Question
What does it mean that workflow libraries?
Quick Answer
Build a collection of proven workflows you can deploy when needed.
Build a collection of proven workflows you can deploy when needed.
Example: A product manager keeps forty-plus workflows organized in a personal operations manual — three variants for writing product specs (deep-analysis, rapid-draft, template-fill), four variants for running meetings (brainstorm, decision, status-update, retrospective), two for onboarding new team members, and a dozen more for recurring operational tasks. When a new situation arises, she doesn't start from scratch. She searches her library, finds the closest match, and deploys or adapts it in minutes. A colleague facing the same situation spends an hour reinventing a process she already solved six months ago.

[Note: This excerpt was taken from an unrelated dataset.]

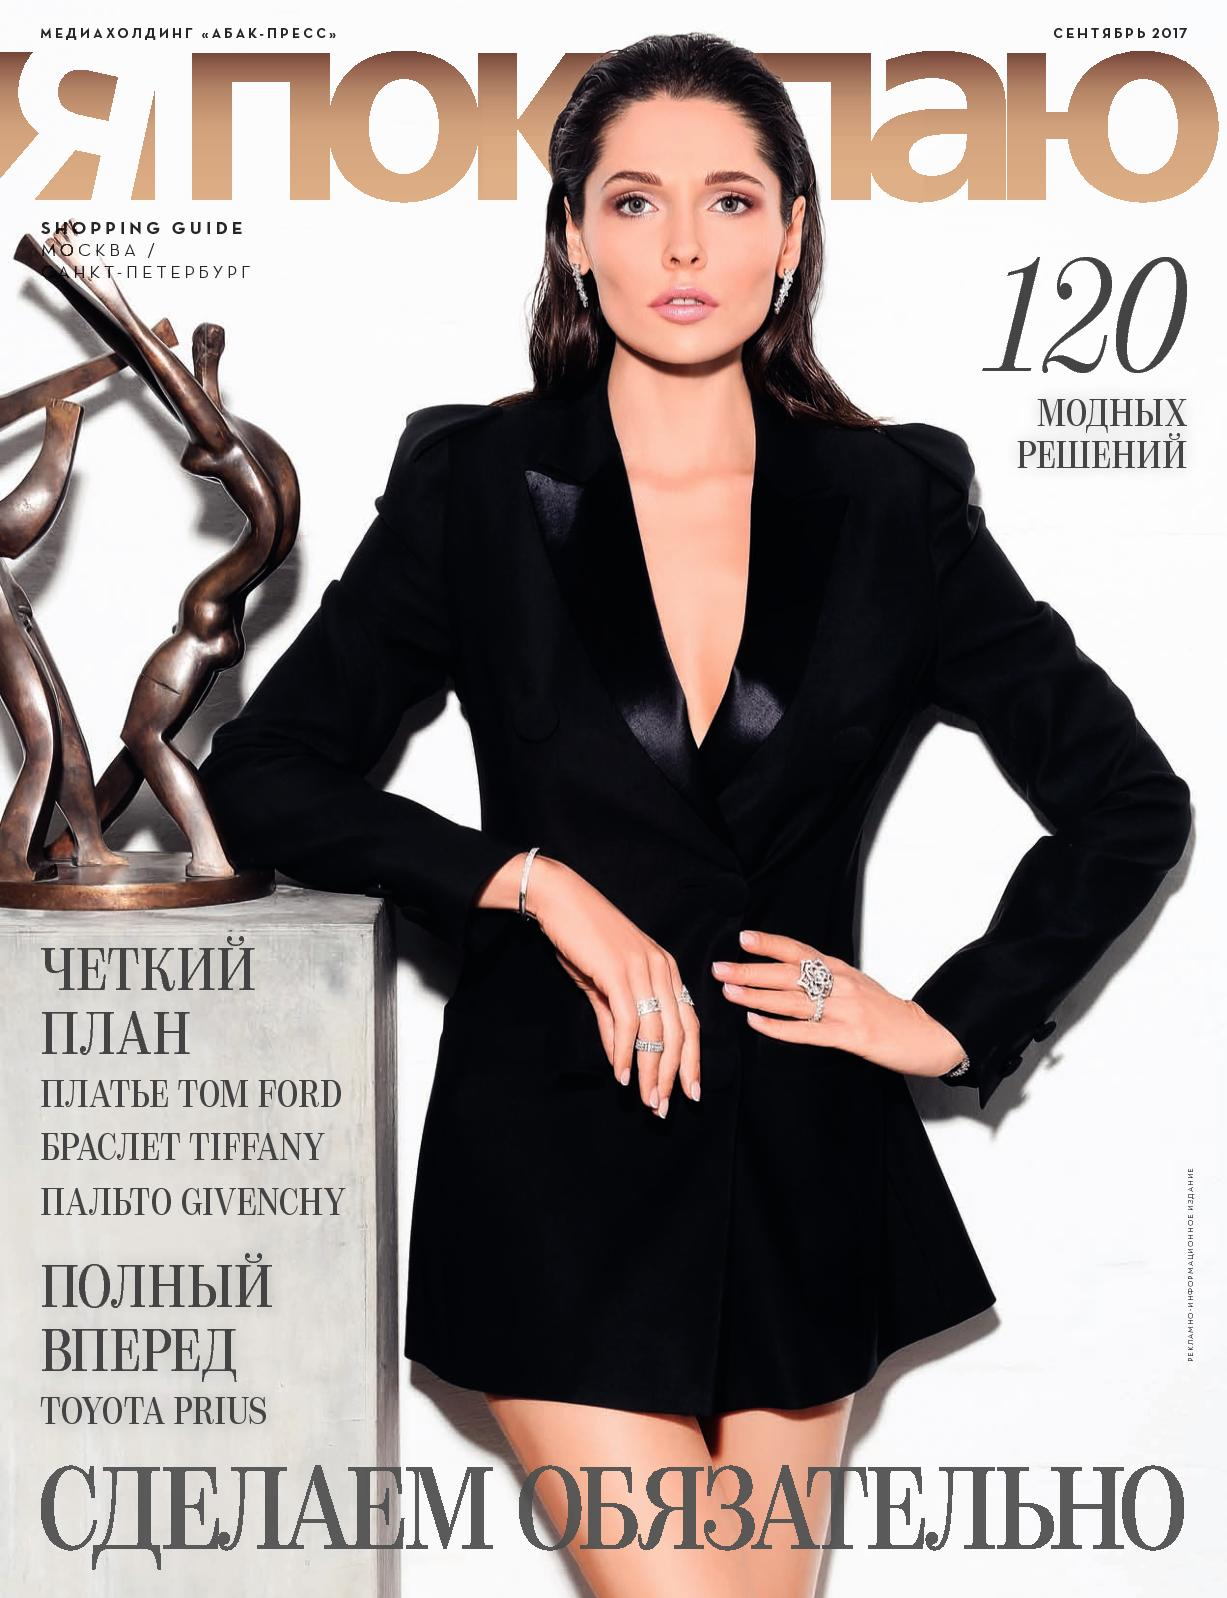 Calaméo - Shopping Guide «Я Покупаю. Москва - Санкт-Петербург», сентябрь  2017 3a4ff0f686a

Try this: Open a new document or note and title it 'Workflow Library v1.' Create three sections: Daily (workflows you run every day or almost every day), Recurring (weekly, monthly, quarterly), and Situational (triggered by specific events or contexts). Under each section, list every workflow you can recall — even ones you've never written down. For each, write one sentence describing what it does and one sentence describing the context it serves. Don't write out the full steps yet. Just catalog what exists. Count the total. Most people discover they already run between fifteen and forty workflows — they've just never organized them into a retrievable collection.